WHAT NEEDS TO BE DONE ->
The word "carats" occurs in some of the lines below; copy each of those lines.

EXTRACTED ENTRIES ->
----

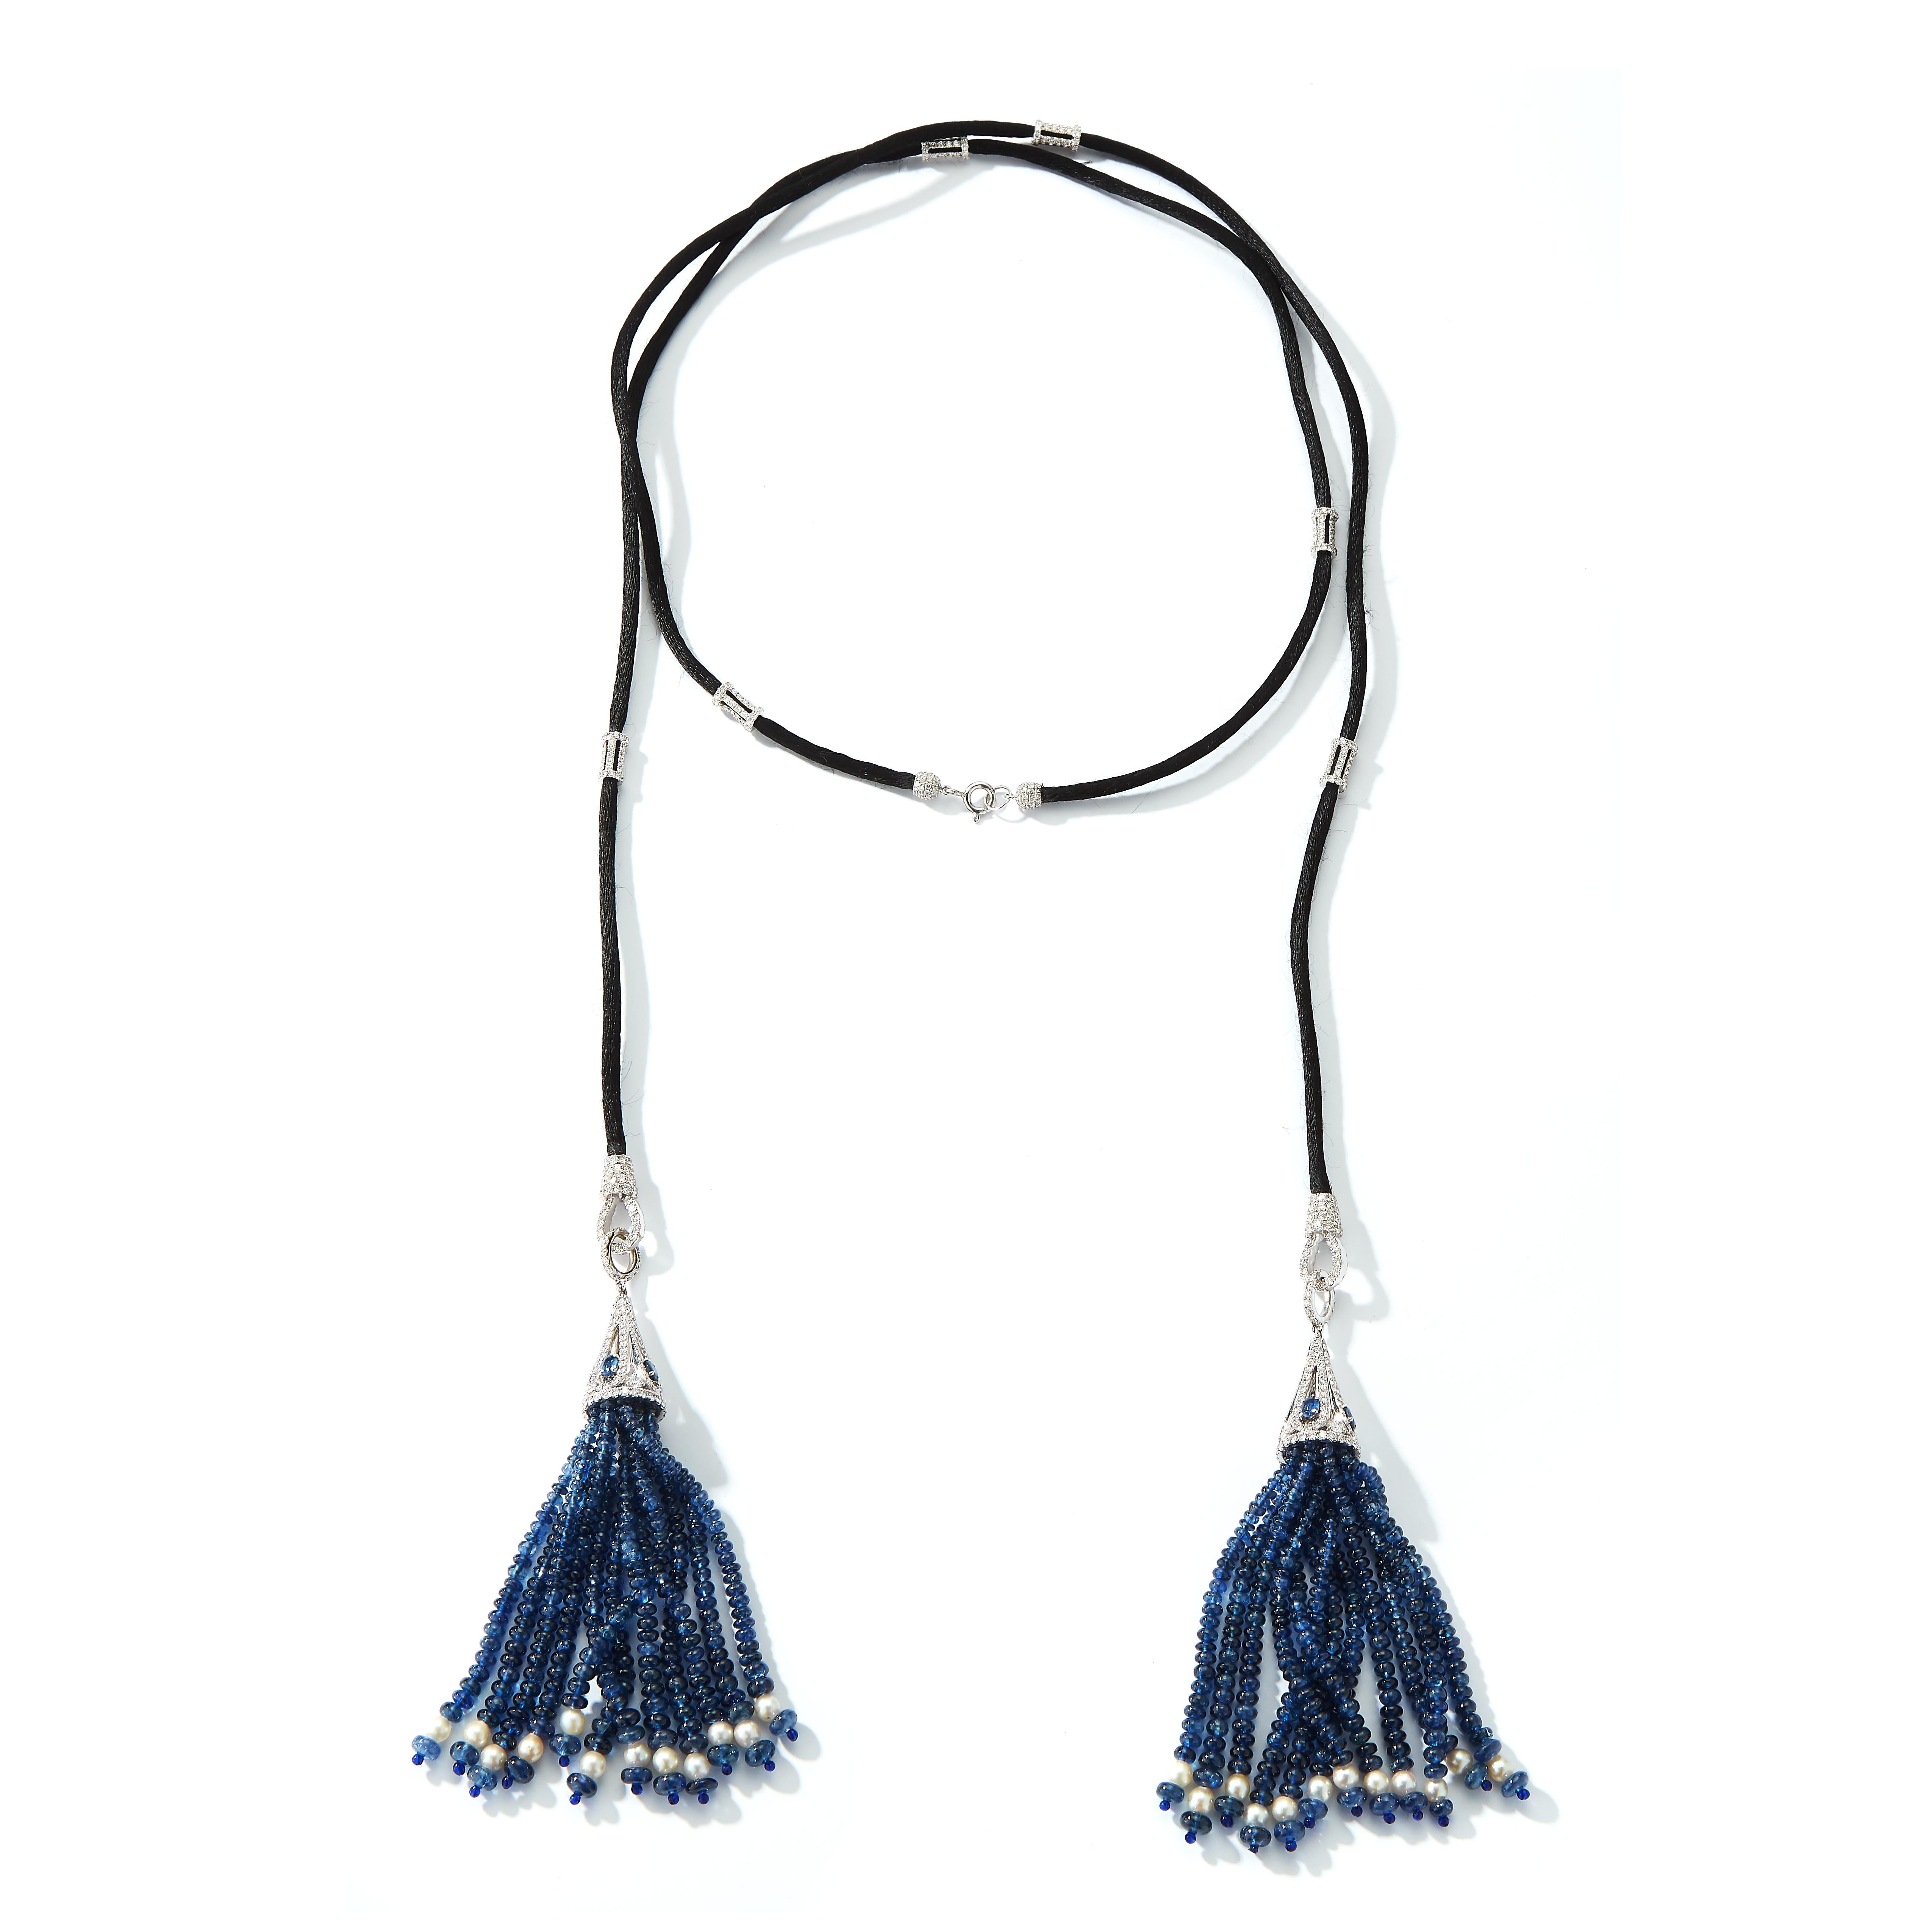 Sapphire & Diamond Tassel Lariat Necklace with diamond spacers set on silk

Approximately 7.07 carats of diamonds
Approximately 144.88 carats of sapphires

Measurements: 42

----

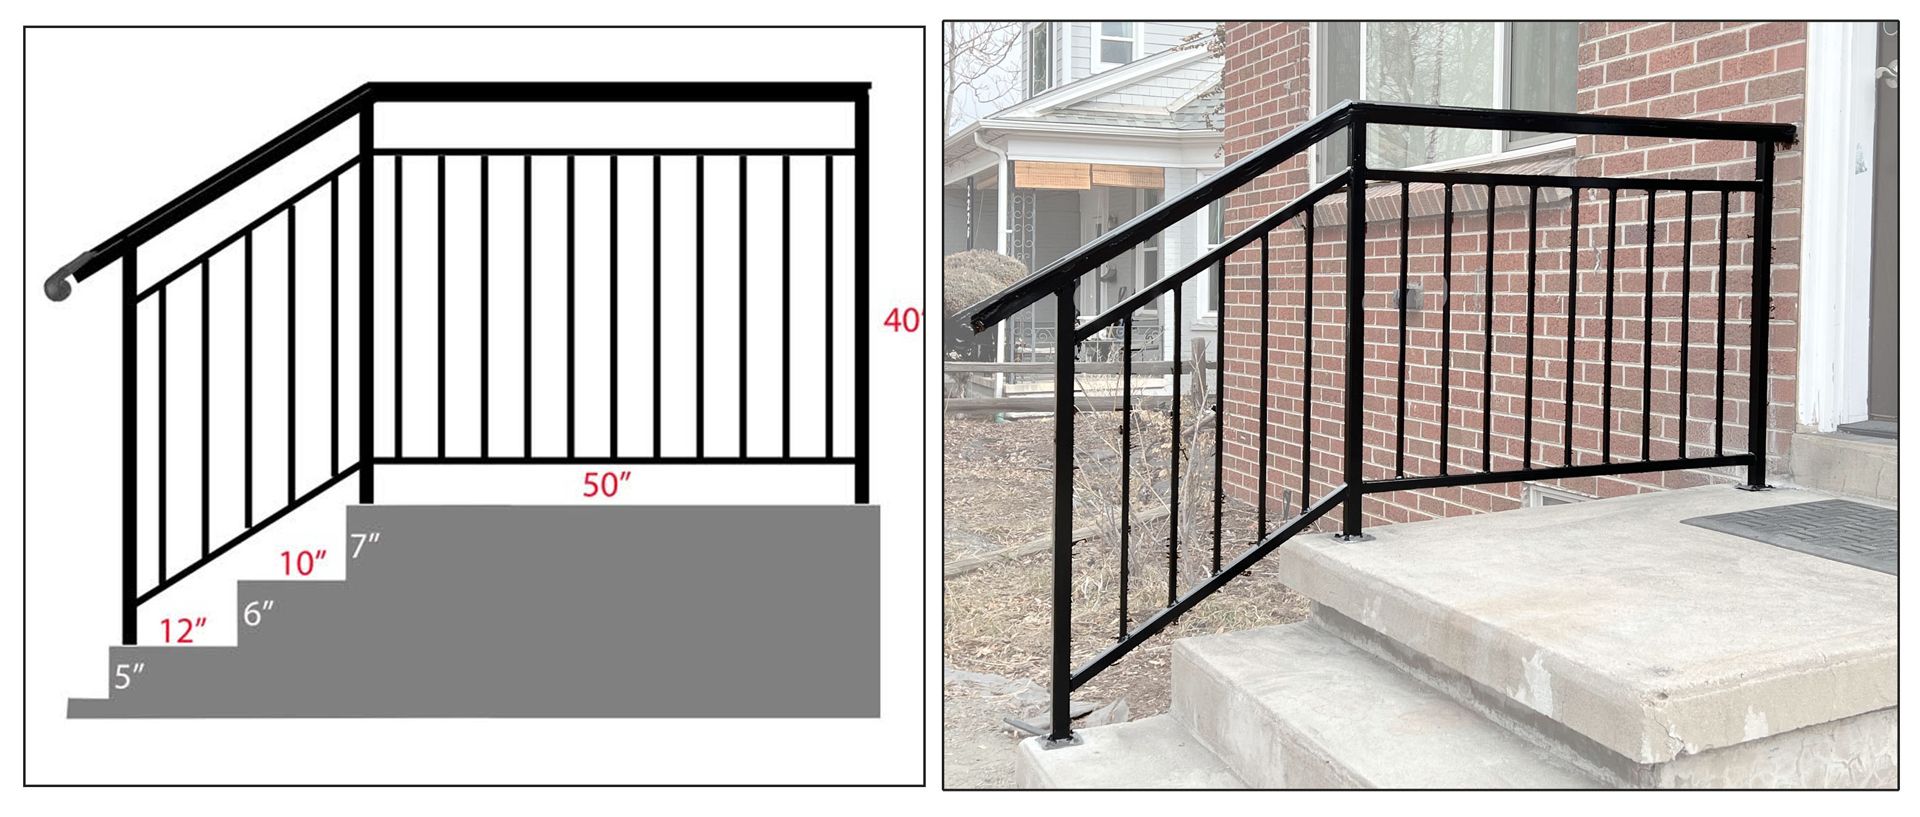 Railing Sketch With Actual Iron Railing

----

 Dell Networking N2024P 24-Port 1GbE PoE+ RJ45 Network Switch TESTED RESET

----

RESPONSE BOX ->
Approximately 7.07 carats of diamonds
Approximately 144.88 carats of sapphires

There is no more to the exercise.